The expected output is every line of the data exactly as shown, minus the images.

INPUT DATA:
****

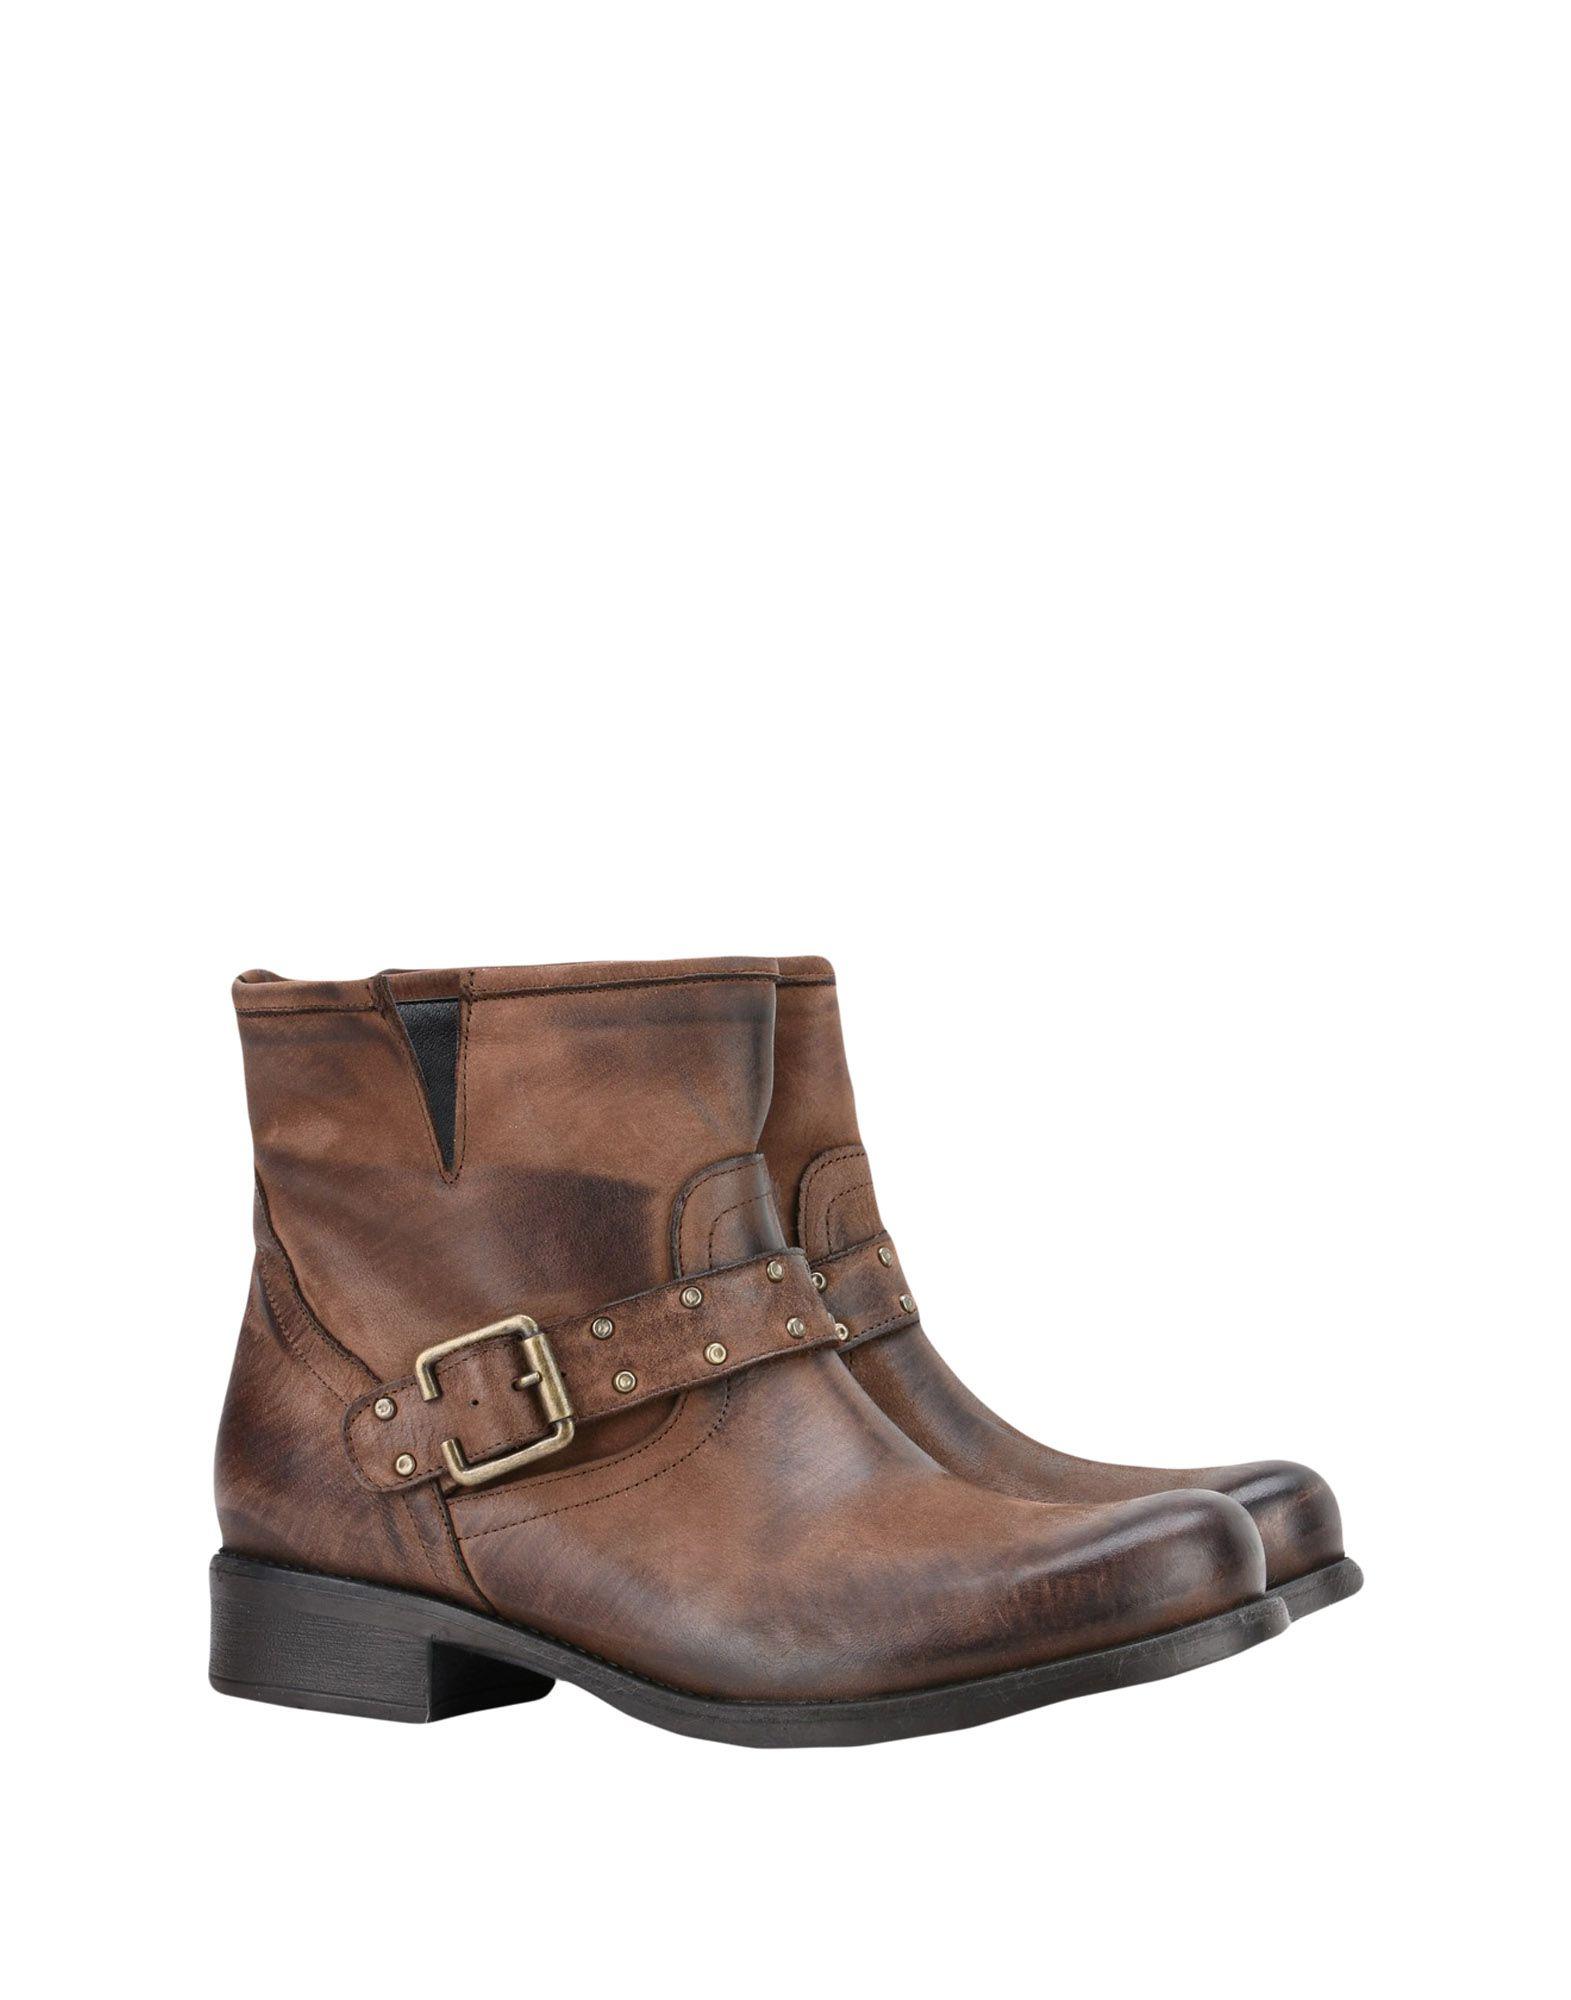 George Gute J. Love Stiefelette Damen  11405233LV Gute George Qualität beliebte Schuhe 00f8c7
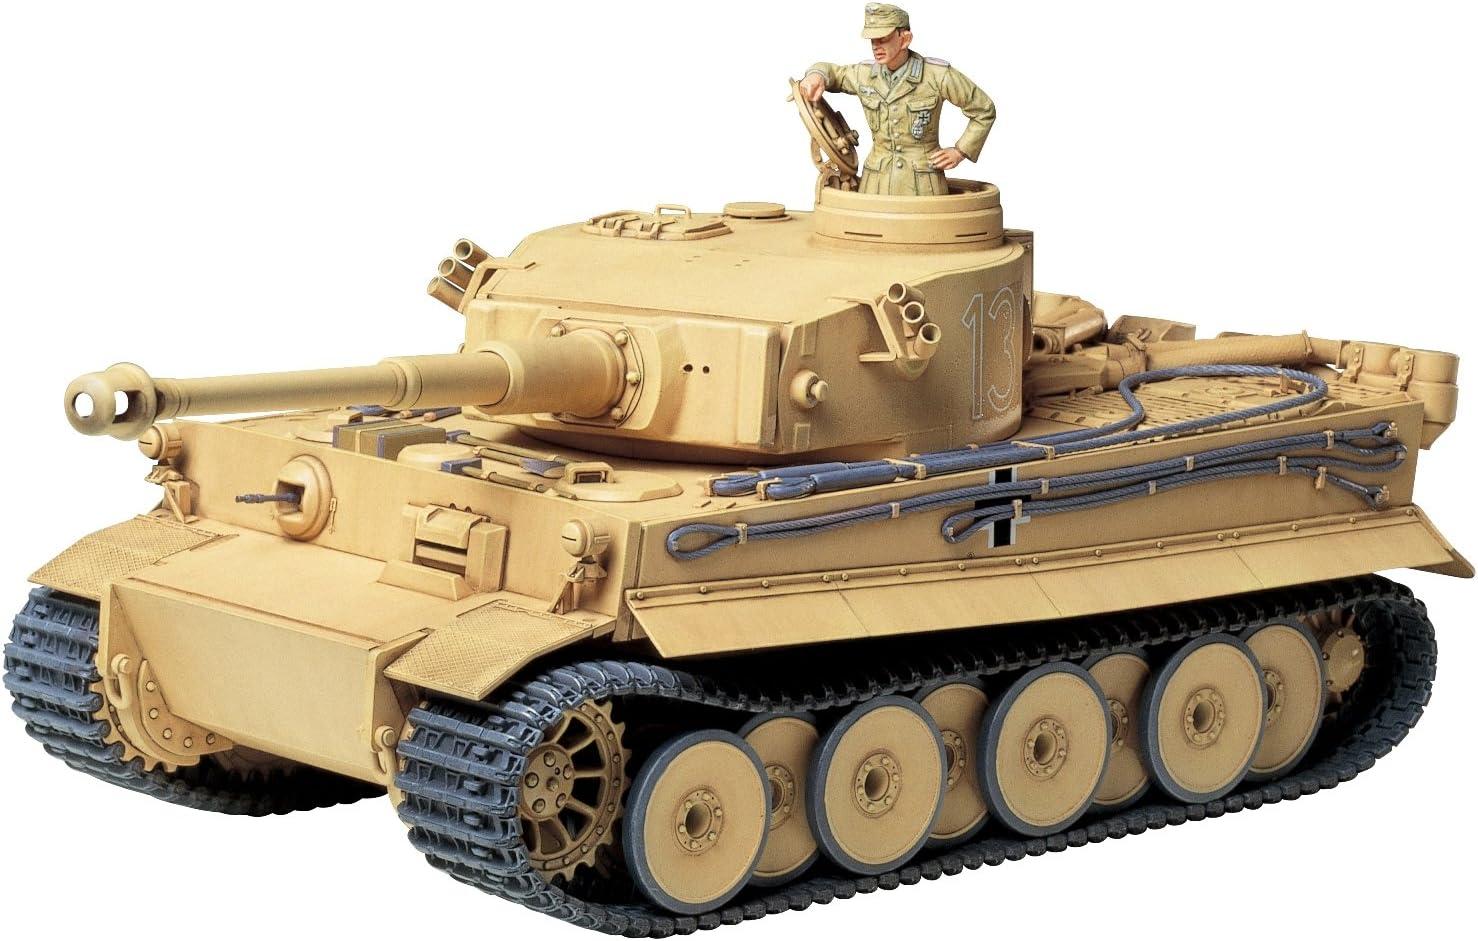 Tamiya 35227 - Maqueta de Tanque alemán Tiger I para Montar (Escala 1:35): Amazon.es: Juguetes y juegos
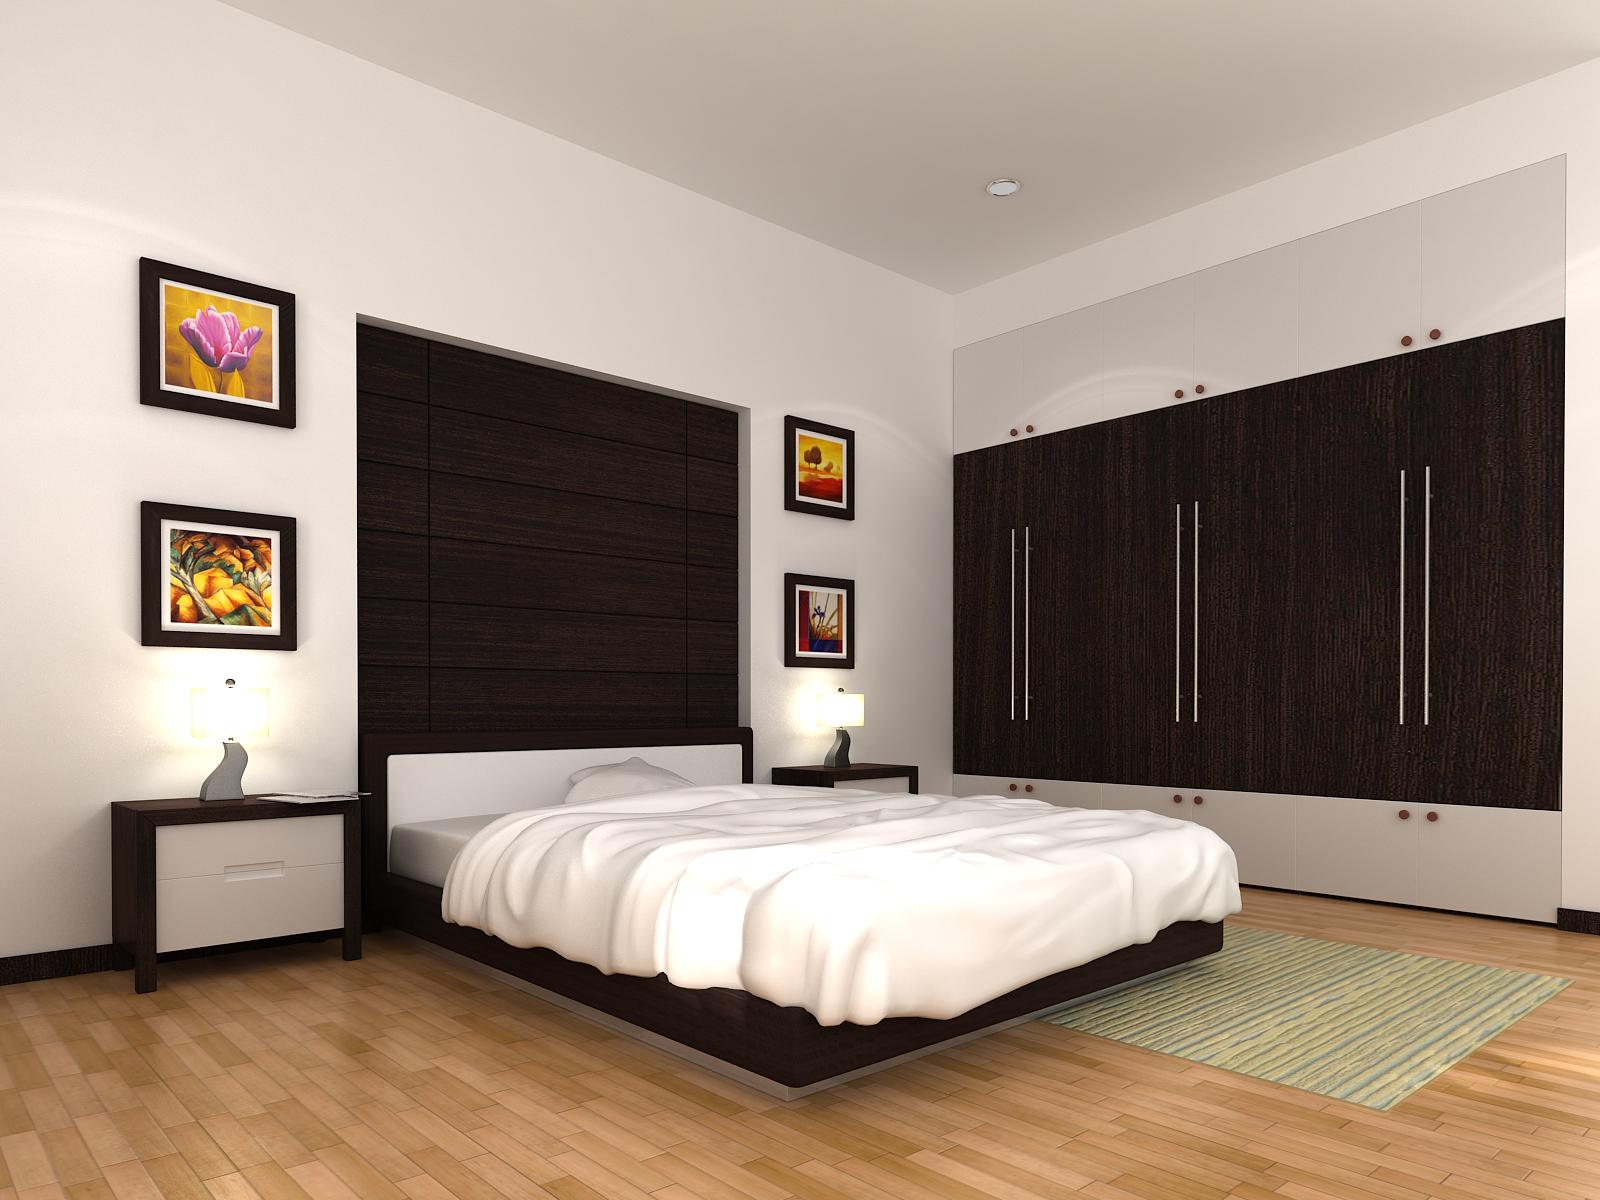 thiết kế nội thất Nhà tại Hà Nội nhà ở lô phố 8 1548601462

****

YOUR SOLUTION:
 George Gute J. Love Stiefelette Damen  11405233LV Gute George Qualität beliebte Schuhe 00f8c7
 Tamiya 35227 - Maqueta de Tanque alemán Tiger I para Montar (Escala 1:35): Amazon.es: Juguetes y juegos
 thiết kế nội thất Nhà tại Hà Nội nhà ở lô phố 8 1548601462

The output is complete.